:: Data excerpt ::
□ □ □

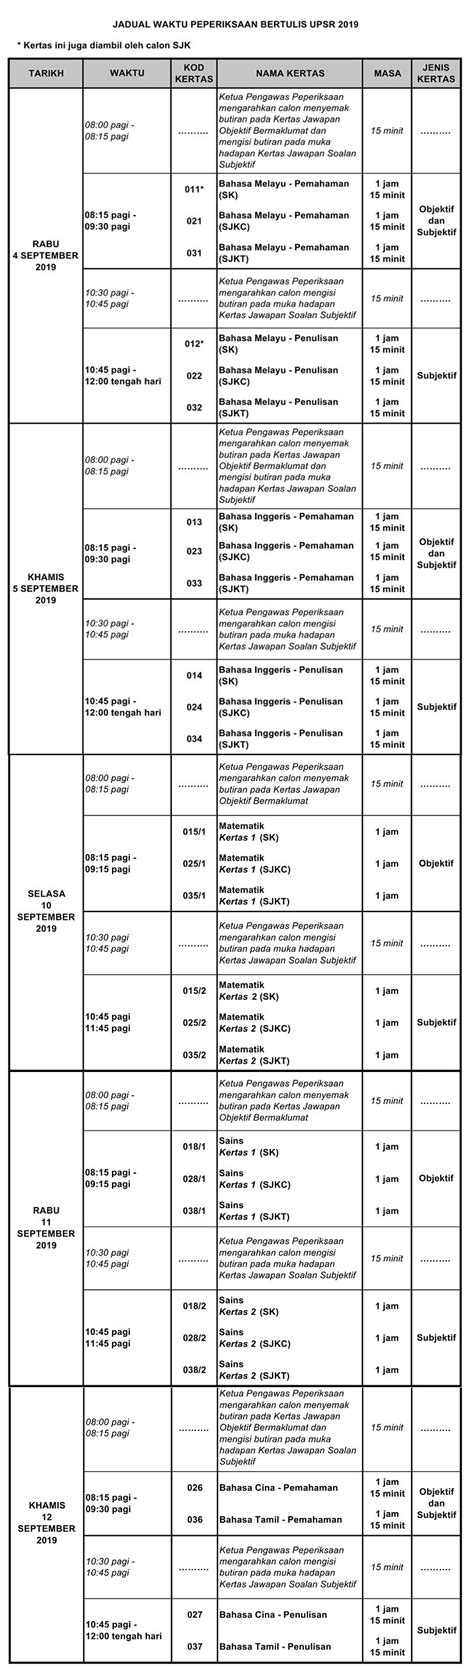 Jom semak tarikh baru peperiksaan yang dikendalikan oleh kpm termasuklah upsr, pt3 dan. Jadual Waktu dan Tarikh UPSR 2019 - UPSR Online
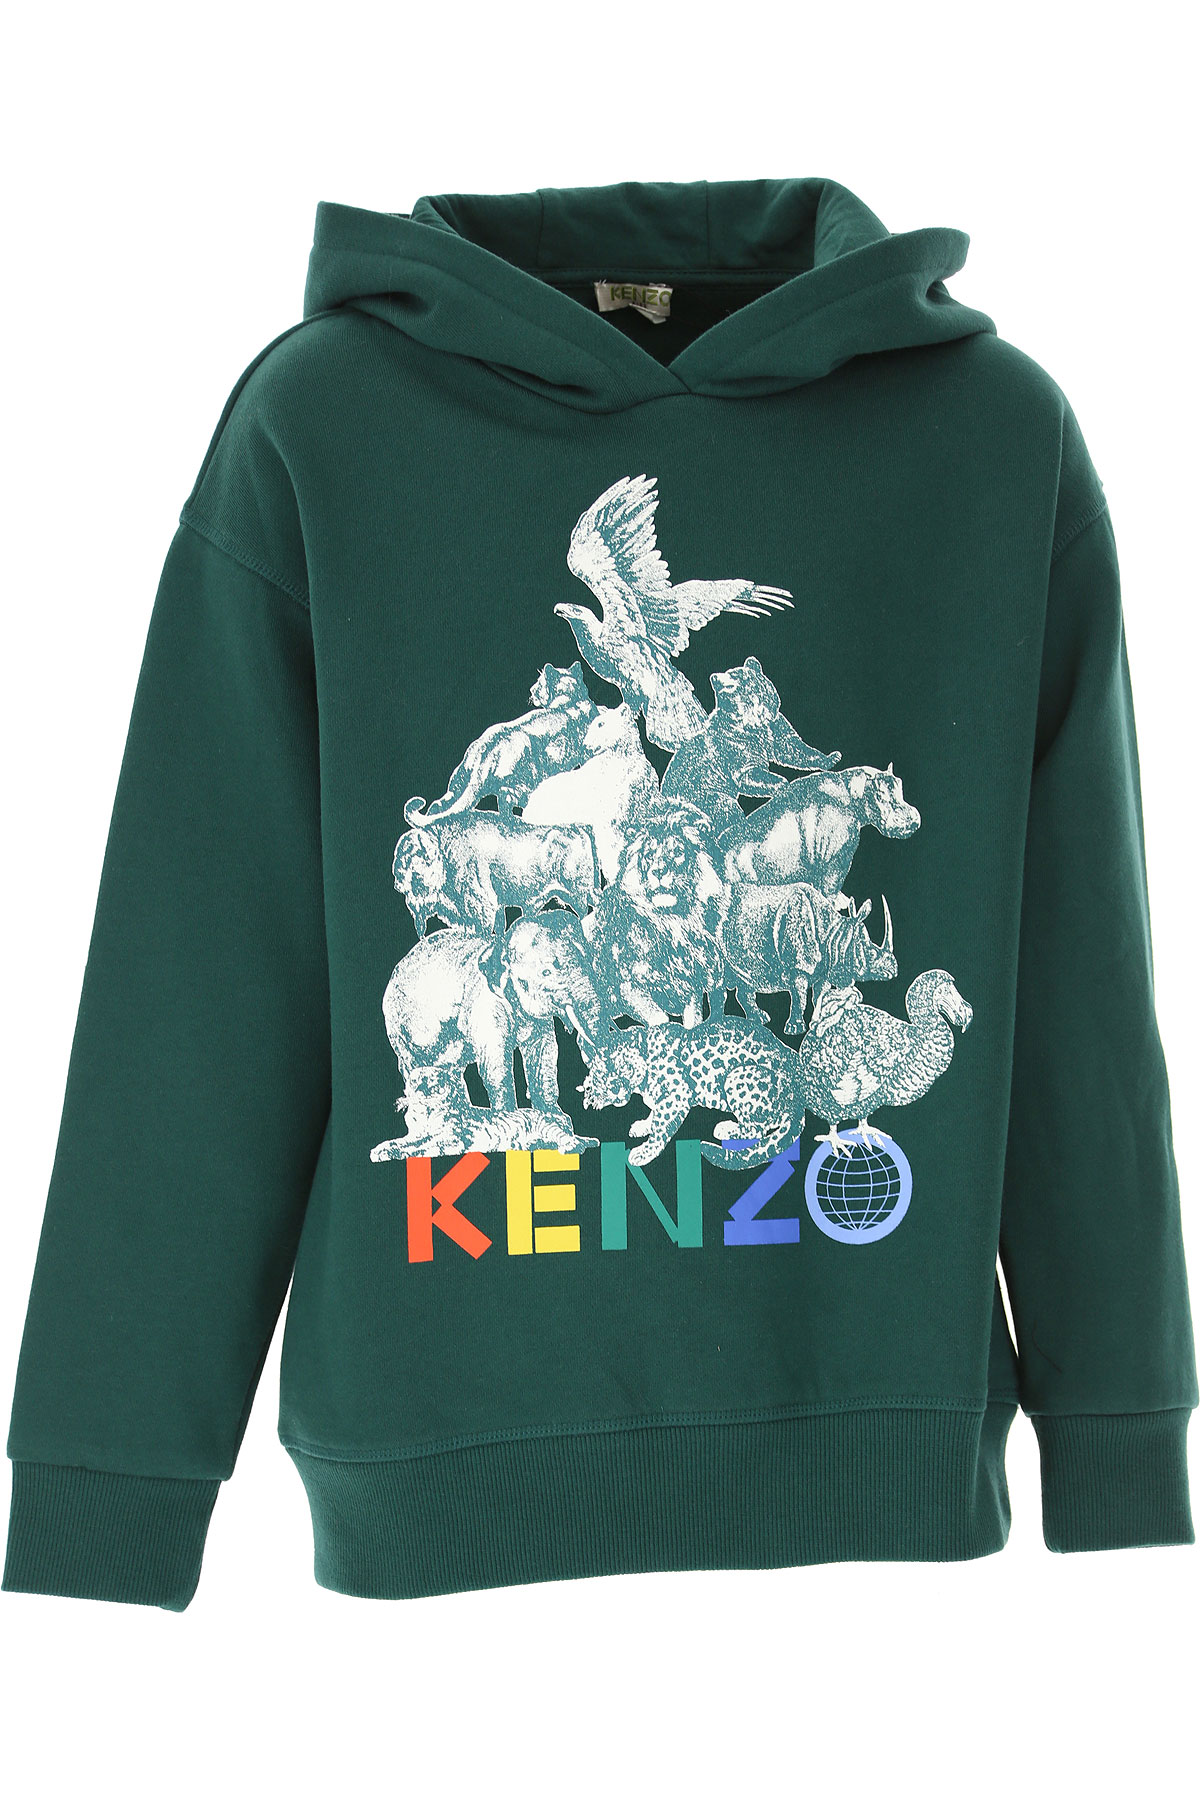 Kenzo Kinder Sweatshirt & Kapuzenpullover für Jungen Günstig im Sale, Grün, Baumwolle, 2017, 10Y 12Y 6Y 8Y
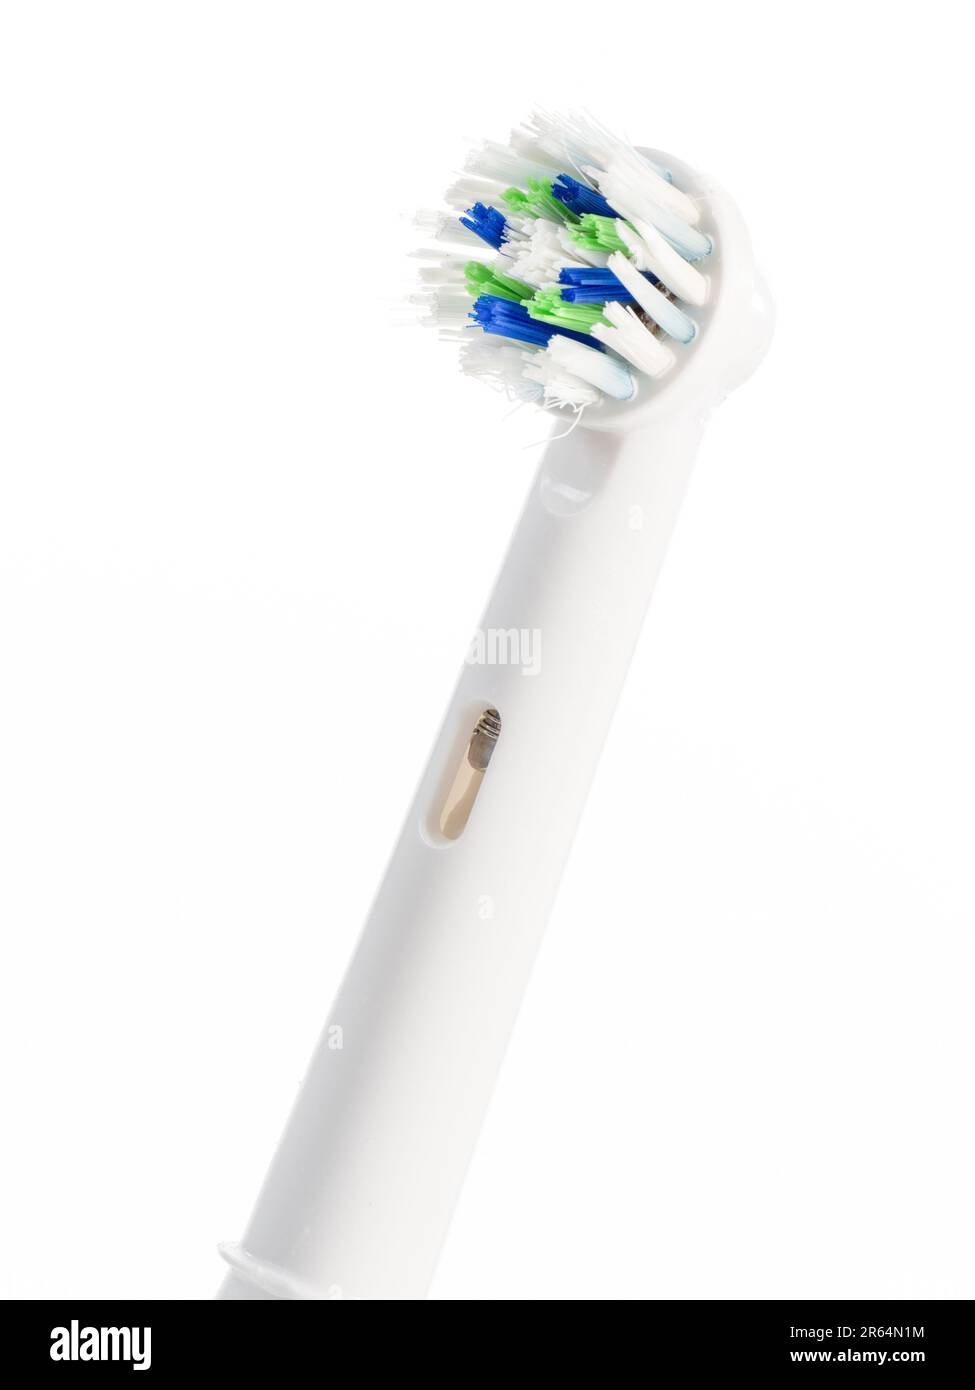 Cierre el cabezal de un cepillo dental eléctrico Foto de stock

□ □ □

:: Your instructions ::
Reproduce all of the data exactly; the pictures do not belong in the copy.

:: Exercise result ::
 Jom semak tarikh baru peperiksaan yang dikendalikan oleh kpm termasuklah upsr, pt3 dan. Jadual Waktu dan Tarikh UPSR 2019 - UPSR Online
 Kenzo Kinder Sweatshirt & Kapuzenpullover für Jungen Günstig im Sale, Grün, Baumwolle, 2017, 10Y 12Y 6Y 8Y
 Cierre el cabezal de un cepillo dental eléctrico Foto de stock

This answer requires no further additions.